On Monday, a 95-year-old former medical orderly at the Auschwitz death camp will return to the courtroom in the northeastern lakeside town of Neubrandenburg, accused of more than 3,600 counts of accessory to murder.
The case against Hubert Zafke, who is wheelchair-bound, has been suspended four times since the first hearing in February because of concerns over his health.
But months into the attempt to prosecute him, no evidence has been heard and the trial hangs by a thread.
A parade of doctors have been quizzed in court about Zafke's mental health, with each reaching a different conclusion.
The hearings have taken a sometimes farcical tack, delving into his life in a rural village: Does he sometimes forget to feed his cats?

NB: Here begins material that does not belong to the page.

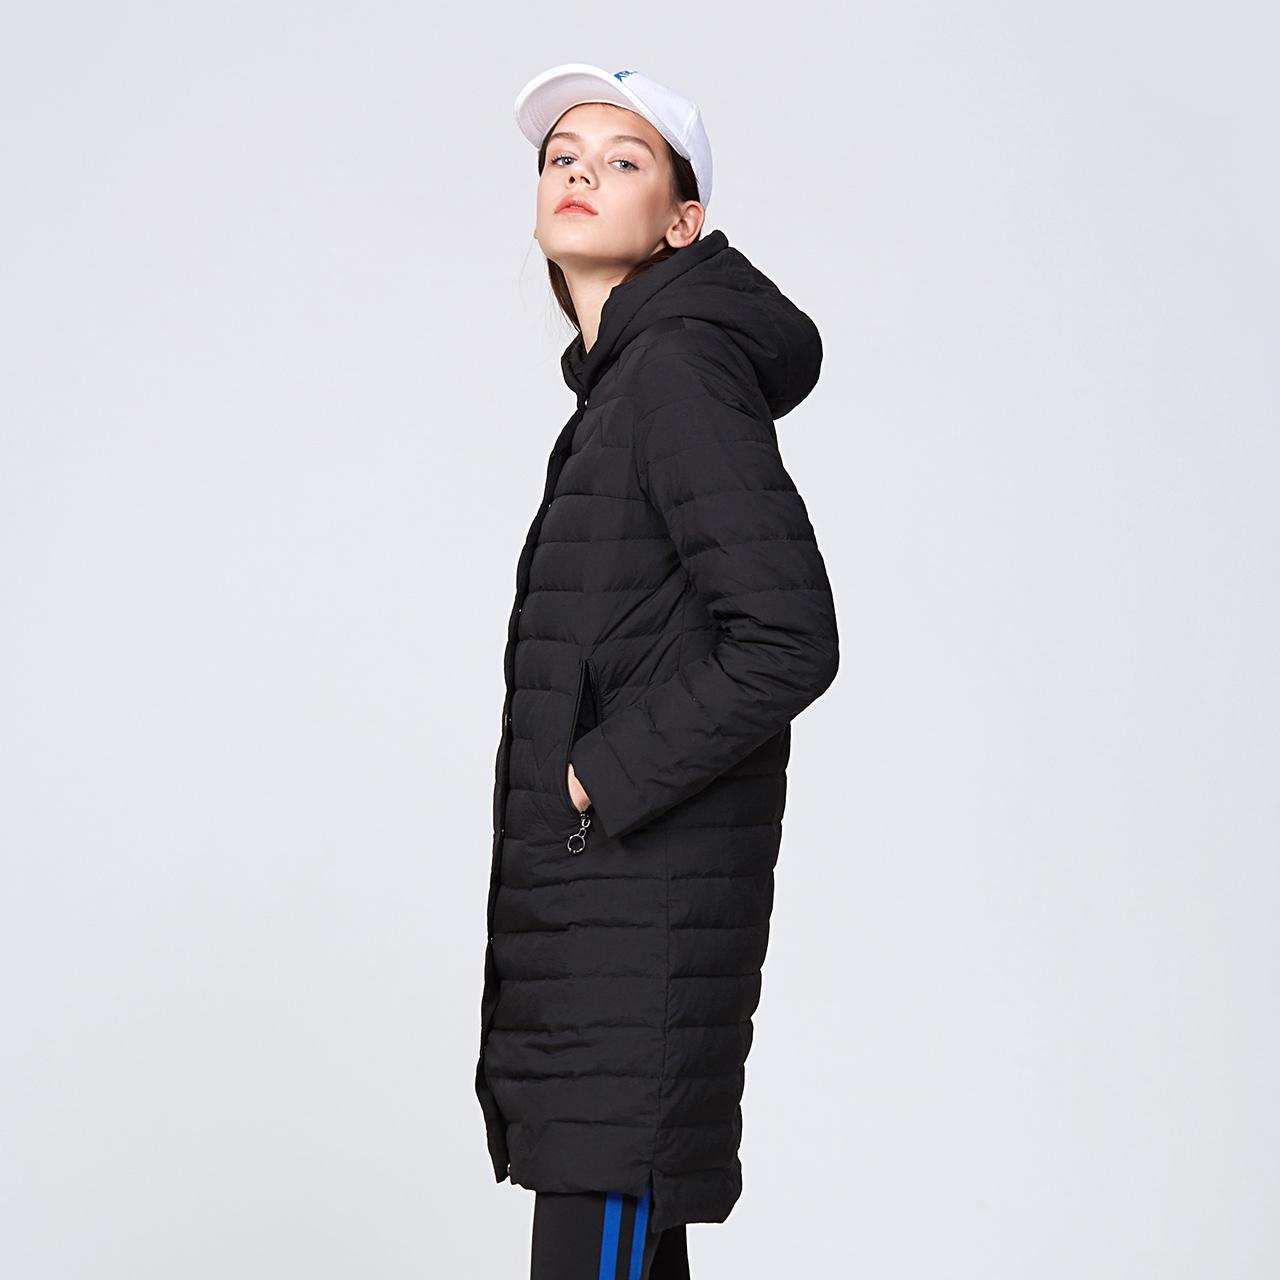 雪中飞 轻薄羽绒服女中长款韩版时尚收腰连帽纯色外套  outlets

Did he give his sheep too much to eat?
"While judges and experts review his daily life, the prosecutors stare into space," said newspaper Die Welt.
The International Auschwitz Committee, a group representing camp survivors, has also sharply attacked Germany's handling of the case, saying the court was hurtling "between sloppy ignorance and complete disinterest" in a resolution.
The question of whether Zafke is fit to stand trial is also due to be addressed again by the court this week.
Anne Frank's train
The wizened Zafke is the fourth former concentration camp worker in the dock in this latest series of trials for Nazi-era crimes, following John Demjanjuk in 2011, Oskar Gröning in 2015 and Reinhold Hanning this May - all convicted before solemn, packed courtrooms of complicity in mass murder.
The Demjanjuk case set the legal precedent that defendants could be sentenced for having worked at concentration camps where atrocities were committed without proof of specific crimes by them.
The charges against Zafke focus on a one-month period in 1944 when 14 trains carrying prisoners - including the teenage diarist Anne Frank - arrived at Auschwitz-Birkenau.
Frank, who arrived in Auschwitz with her parents and sister, was later transferred to another camp, Bergen-Belsen, where she died in March 1945, just two months before the Nazis were defeated.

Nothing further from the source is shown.